While her on-court tennis skills, including a blistering two-handed backhand, are to be marveled at, perhaps the most impressive thing about Raducanu is her unflappable confidence and composure. Teenagers aren’t supposed to win major titles without dropping sets, and they aren’t supposed to seem unfazed competing in New York and on the biggest stage. But here she was in Queens in front of tens of thousands of spectators, and millions more watching on television, delivering a master class performance.

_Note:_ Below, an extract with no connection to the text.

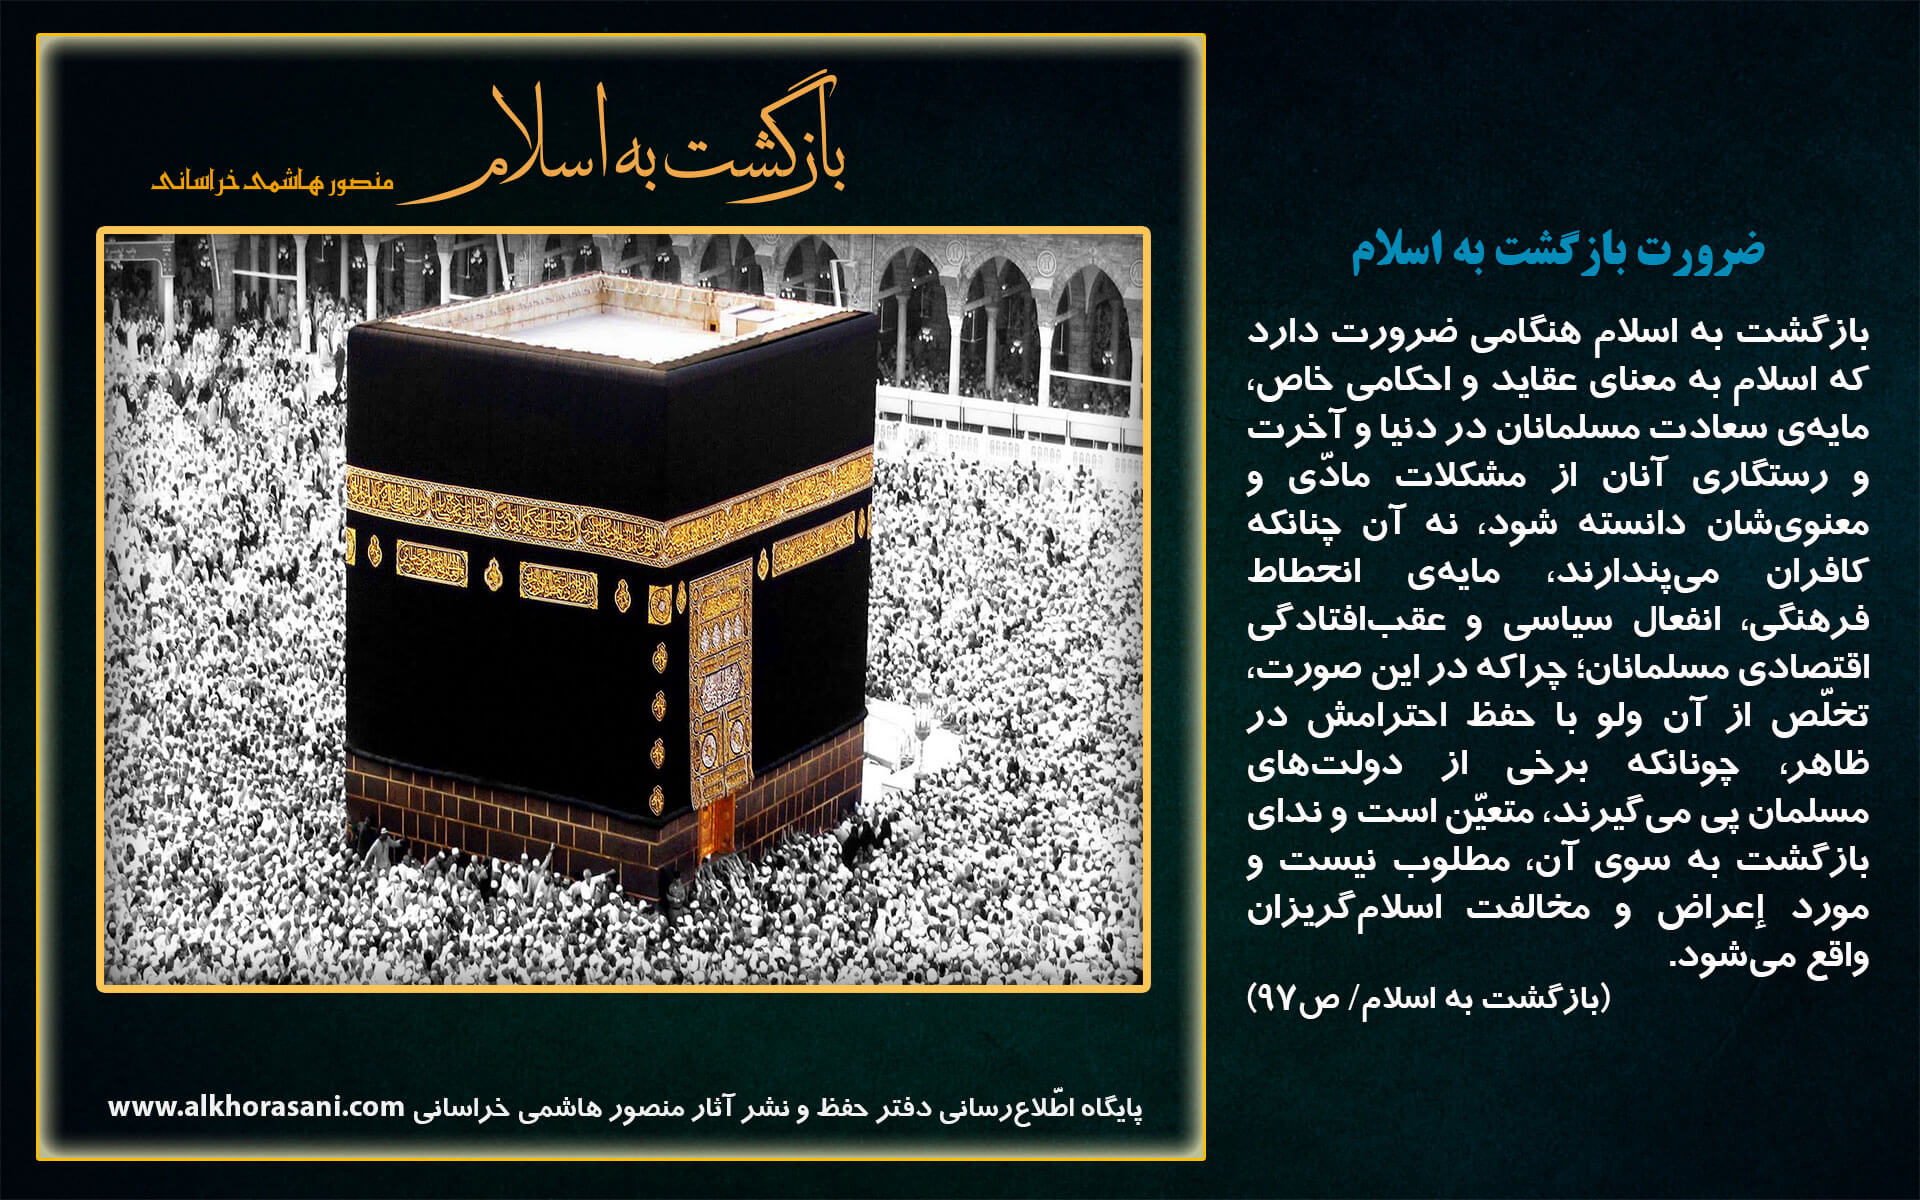 ضرورت بازگشت به اسلام
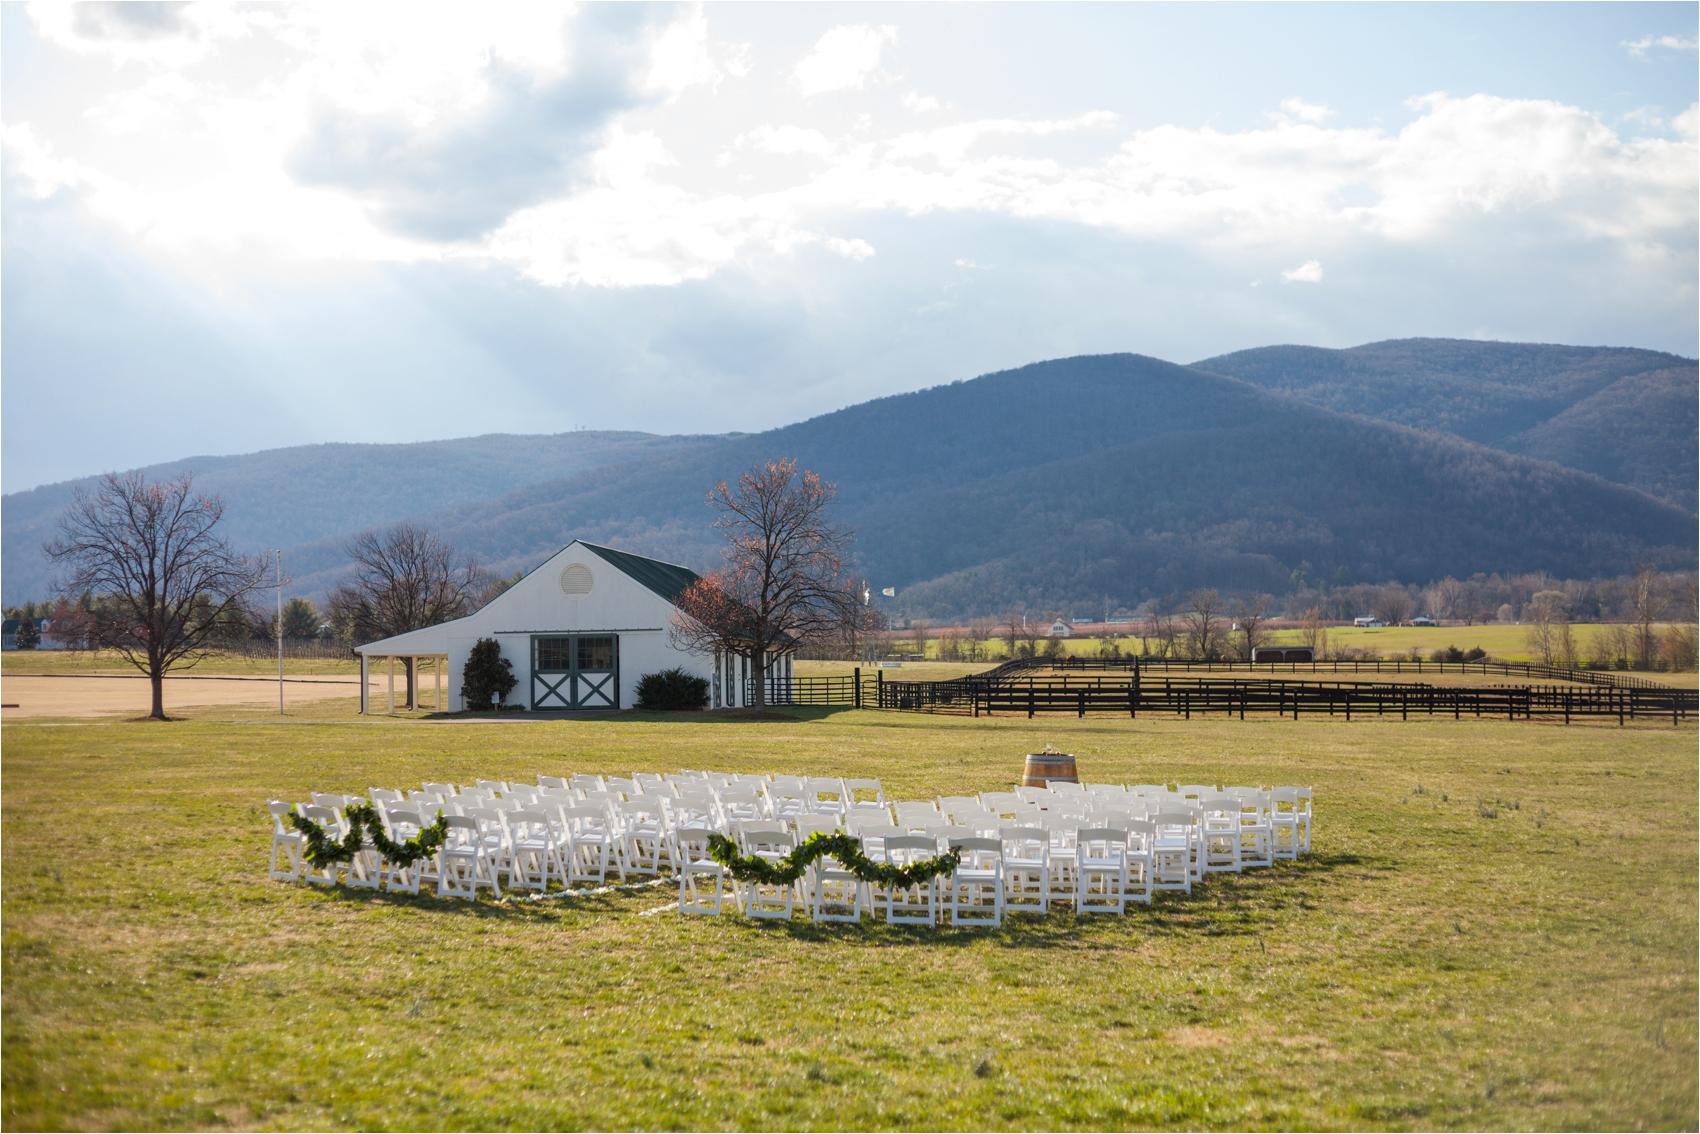 King-Family-Vineyard-Spring-Virginia-Wedding-1453.jpg

Just a couple of months before, Raducanu burst onto the scene at Wimbledon, where she reached the fourth round as a Wild Card. She had never played at a WTA Tour event prior to Wimbledon, but won three main draw matches at the tournament in her home country. But in her fourth-round match against Ajla Tomljanovic, she began to have problems breathing and felt dizzy, forcing her to retire from the match.

Her retirement was met with a mixed reaction, with some claiming she was overwhelmed by the moment and could not handle the pressure. Whatever the reason was, the teenager put any notion that pressure was too much for her to bed with her run in New York.

That unwavering poise comes from how she was raised, she says. Born in Toronto, Canada to a Romanian father and Chinese mother, Raducanu and her family moved to London when she was just two-years-old. Although her parents were unable to join her in New York and witness her accomplishment in person, they were certainly there in spirit.

“I think the confidence comes from just inner belief,” Raducanu said in Vogue. “My mom comes from a Chinese background, they have very good self-belief. It’s not necessarily about telling everyone how good you are, but it’s about believing it within yourself. I really respect that about the culture.”

She added:

“I think that the calmness and the mental strength definitely comes from my upbringing. I think my parents have both instilled in me from a very young age to definitely have a positive attitude on court, because when I was younger, it was definitely an absolute no-go if I had any sort of bad attitude. So from a young age, I definitely learned that, and it’s followed me until now.”

In addition to playing tennis as a kid, Raducanu also did ballet, horse riding, swimming, go-carting and motocross, contributing to forming a well-rounded person and athlete. This, coupled with her focus on academics, has helped her avoid the tennis burnout many junior players face when their lives are solely dedicated to the sport.

Raducanu’s composure allowed her to be successful on the tennis court, and it’s her charming demeanor that has transformed her into a global icon almost instantly. After her win, she delivered a message in Mandarin to her friends and family in China, thanking them for their support.

The next step for Raducanu now is to manage her stardom and fame which she now has to deal with. It can be a daunting task to handle the pressure of maintaining an image while remaining successful on court, and as we have seen over the past year, the mental health of athletes and the pressures they face can take a toll on a person.

But Raducanu seems to be taking everything that comes her way in stride, and enjoying the fruits of her labor rather than running from them.

“I don’t feel absolutely any pressure,” she said. “I’m still only 18-years-old. I’m just having a free swing at anything that comes my way. That’s how I faced every match here in the States. It got me this trophy, so I don’t think I should change anything.”